Revision as of 21:40, 28 October 2008

Gallery Bricks Notebook Team Project Home

Bacterial device for creating and production of interactors for any given bait protein


Contents

Our goal was to create system of biological machines which would allow to investigate protein interactions and simultaneously change sequence of one of them in order to achieve the strongest possible interaction. To make it work we planned to put the DNA sequence of tested protein on low-copy plasmid and transform it to bacterial strain in which it would be mutated (let's call the strain "one-armed bandit"). Parts present on this plasmid would cause the protein to be attached to outer bacterial membrane, where the selection would occur. Such selection system would allow us to search for antibodies with new specificities or screen protein libraries.


1. The "hunter" protein


We developed a method of selecting the most interacting protein (let's call the protein "hunter"). It may seem similar to the two-hybrid system, except that it doesn't require putting both "hunter" and "prey" in the same cell of "one-armed bandit" and therefore only "hunter" protein is mutated. Moreover, cells expressing different variants of "hunter" protein compete for the same bait. Interaction between "hunter" and "prey" is the basis of selection.

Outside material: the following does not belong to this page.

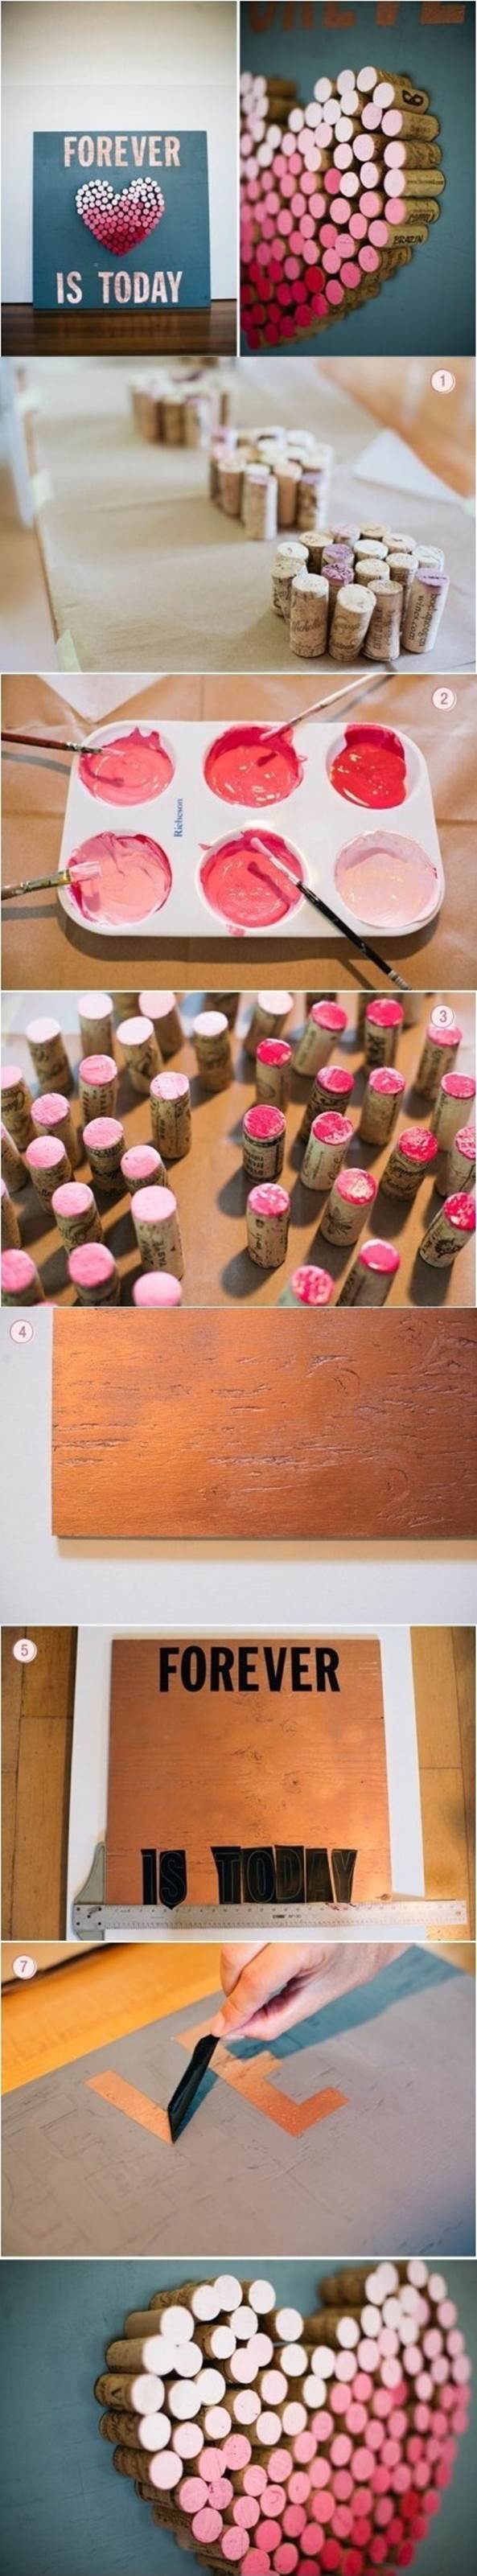 DIY Heart Shaped Wine Cork Wall Decor 2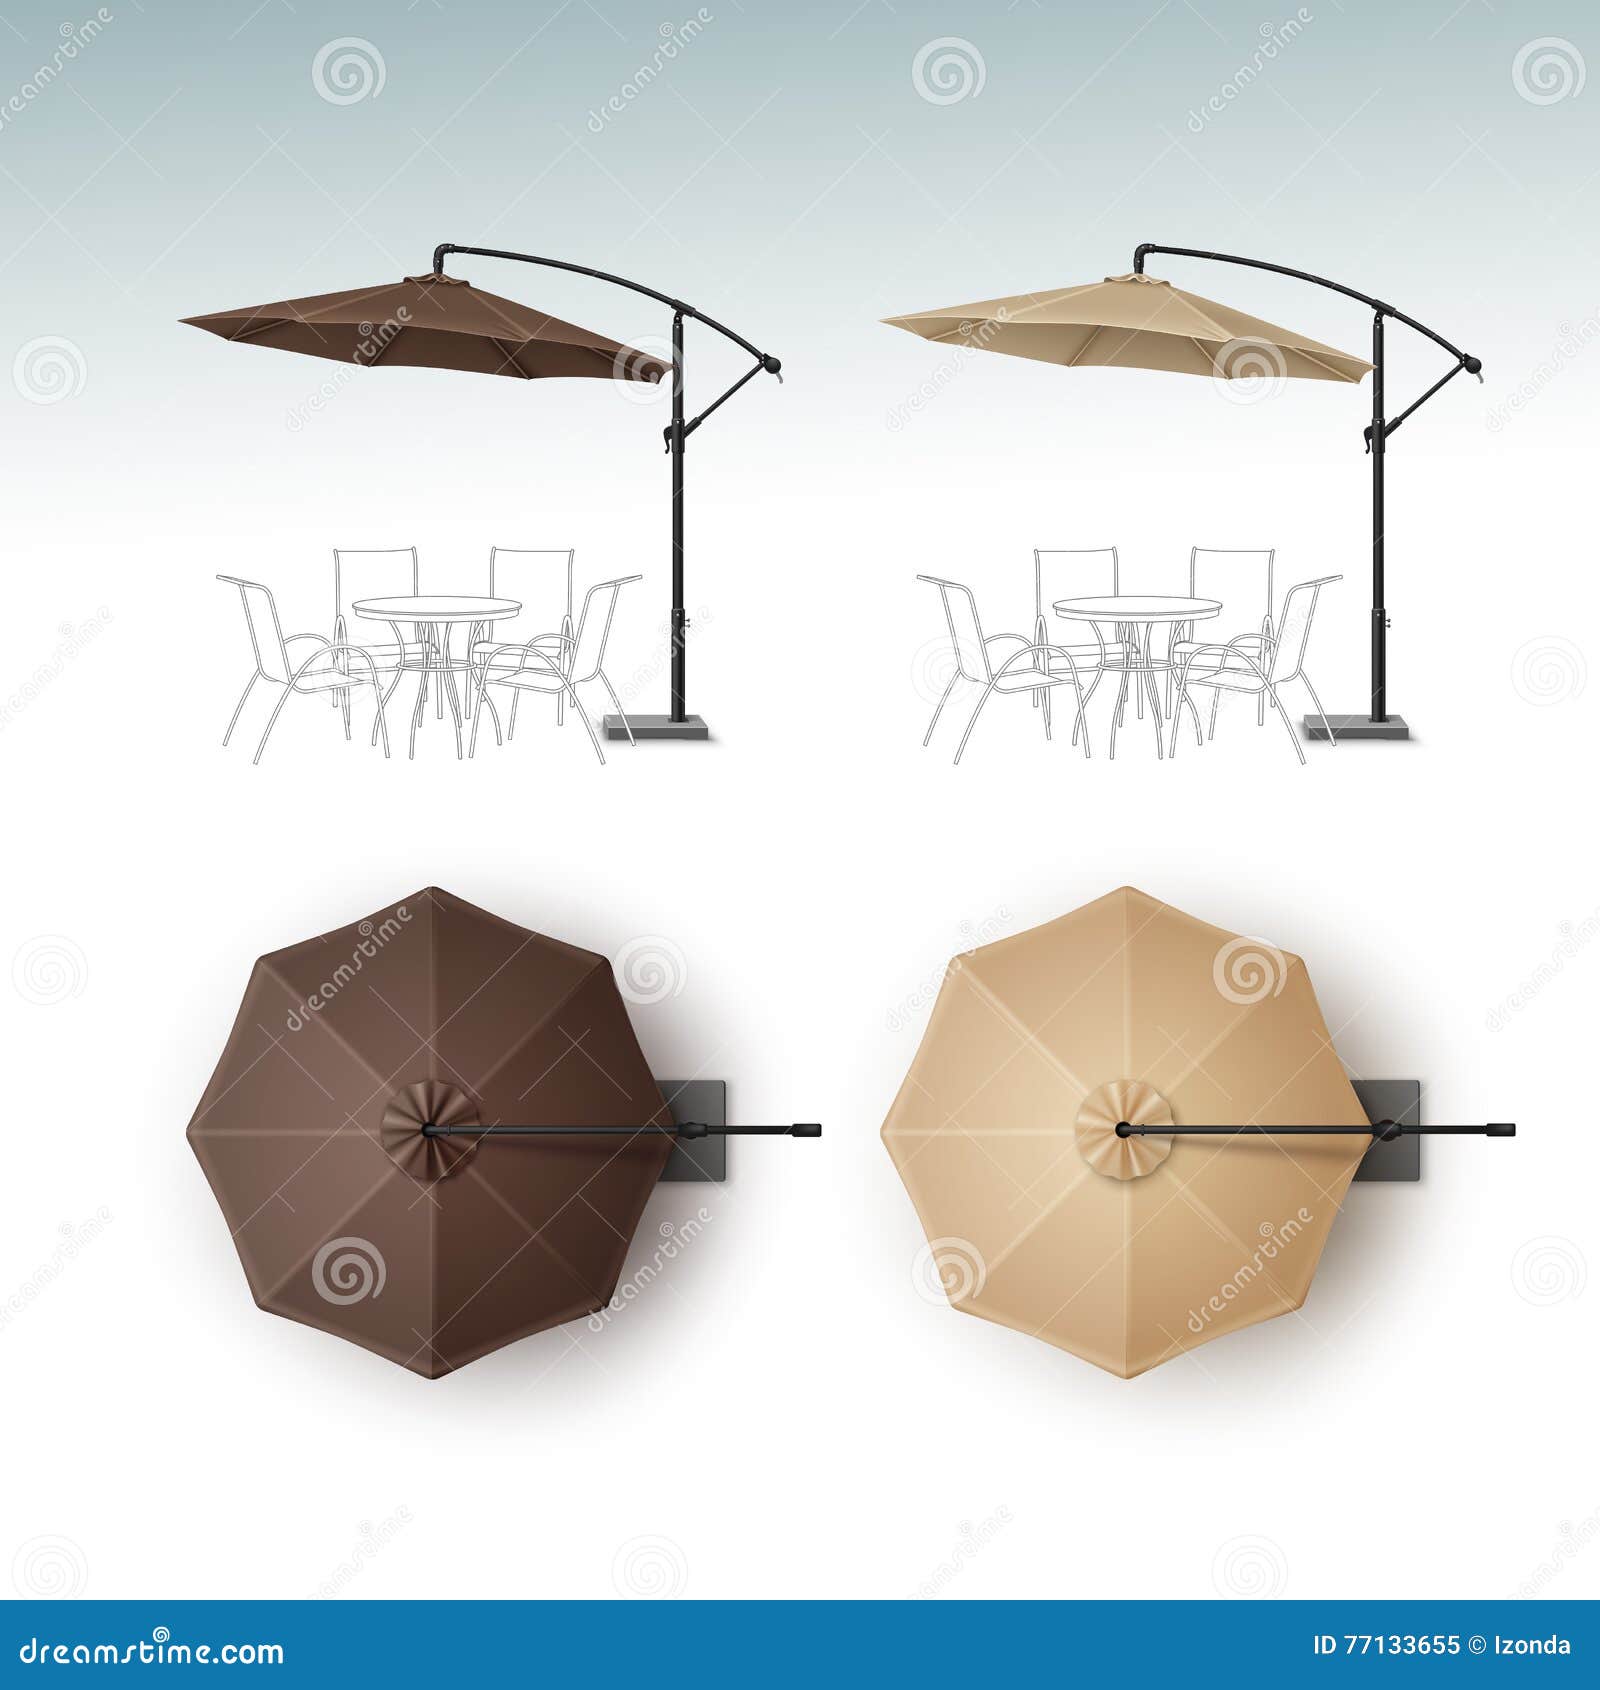 set of beach cafe bar pub umbrella parasol

This forces "hunter" protein to be attached to cell surface, so all hunter constructs are fused with fragment of OmpA (outer membrane protein). In this way "hunter" is presented on E. coli outer membrane, which allows it to interact with "prey" added to liquid culture medium.

Fig. 1. Variants of the selection system using two parts of TEM-1 β-lactamase (alpha and omega).

Selection pressure is needed to let survive only cells with the best interacting proteins. We have used TEM-1 β-lactamase (protein responsible for resistance to β-lactam antibiotics such as ampicillin) split into two complementing fragments: alpha and omega. Those fragments do not form active complexes spontaneously. Antibiotic resistance is achieved only when alpha and omega are in close proximity – i.e. when they are connected to two strongly interacting proteins. So "hunter" protein connected with one β-lactamase fragment will catch "prey" protein connected to another and will allow survival of the cell in ampicillin containing medium. Cell line carrying the best hunter protein will have selection advantage over others.

Fig. 2. The selection system at work: 1. "One-armed bandit" mutates hunter protein; 2. Expression of mutated hunters on the surface of bacteria; 3. Adding prey; 4. The best hunters survive.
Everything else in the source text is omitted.